INTERVIEW-Taiwan urges China to talk politics
TAIPEI, March 2 (Reuters) Days after scrapping guidelines on unification with China, Taiwan today called for talks with its giant neighbour, but China said it would be ''vigilant'' against any Taiwanese moves to full independence.
China refuses to deal with independence-minded Taiwan President Chen Shui-bian, and Chen's scrapping of a council and guidelines focused on ultimate reunification between the two sides drew harsh warnings from Beijing.
But Taiwan's top China policy-maker said the two sides should talk. ''In order for China to better understand Taiwan, there is an urgent need for the two governments to engage each other, to talk to each other,'' Joseph Wu told Reuters.
Wu said Taipei did not rule out any form of future relations with China, as long as the decision was endorsed by the democratic island's 23 million people. It was an apparent attempt to appease a worried Washington, Taiwan's main arms supplier.
''The future is open for Taiwan. We hope the Chinese side will do it in a civilised way -- talk to Taiwan in a peaceful way in order to resolve the differences,'' said Wu, chairman of the ministerial-level Mainland Affairs Council.
He added that such talks must proceed without preconditions and on an equal footing.
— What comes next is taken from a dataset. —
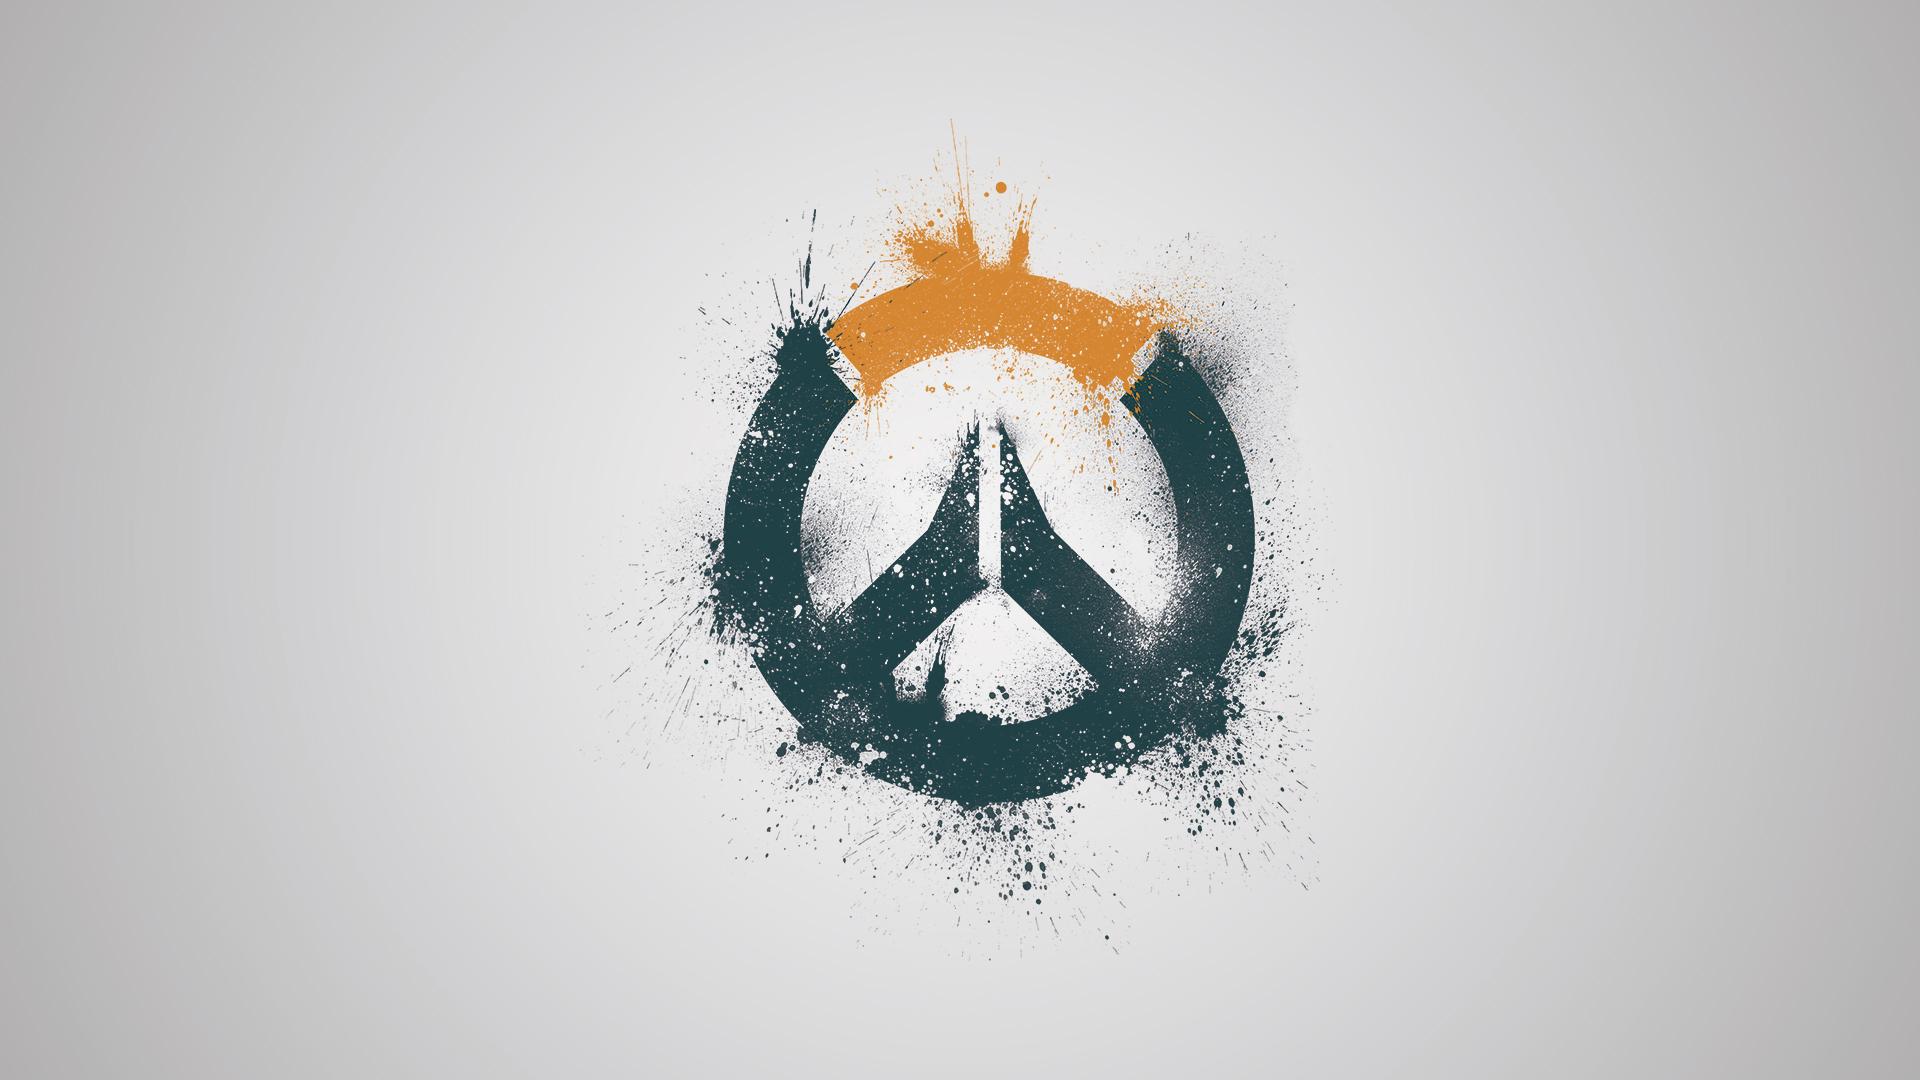 بروزرسانی جدید Overwatch در راه سرورهای Public Test | تغییراتی جدید در شخصیت Zayra و سایر شخصیتها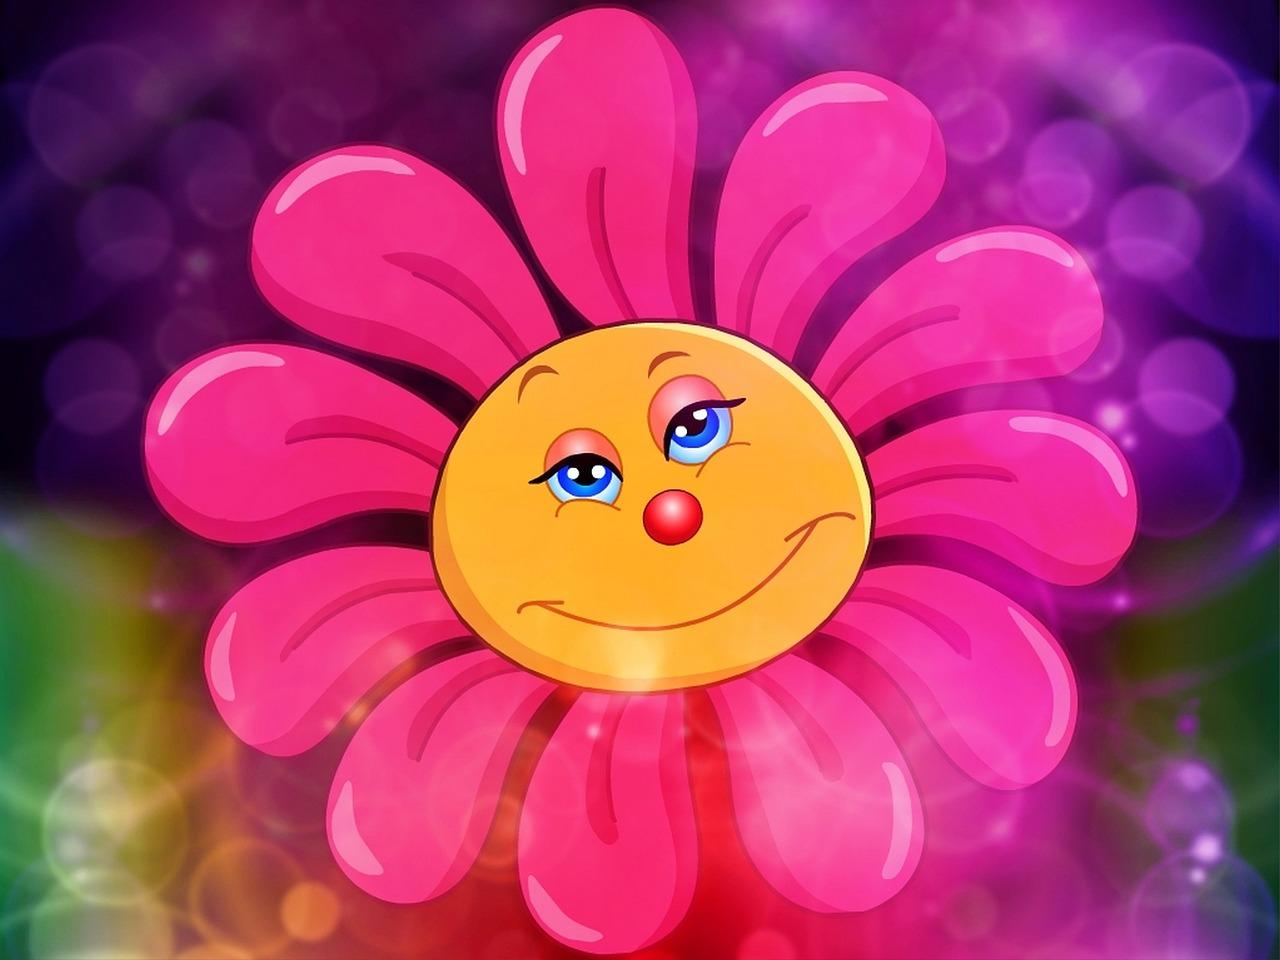 Картинки прикольные цветочки, поздравления днем

China has considered Taiwan a breakaway province since their split at the end of the Chinese civil war in 1949. It has threatened force if the island formally declares independence.
Chen declared an end to the National Unification Council and its 15-year-old unification guidelines on Monday, defying warnings from Beijing and Washington.
Chinese Premier Wen Jiabao today told German Chancellor Angela Merkel that Chen's act was ''a brazen provocation of the one China principle universally adhered to by the international community, and serious sabotage of peace and stability in the Taiwan Strait''.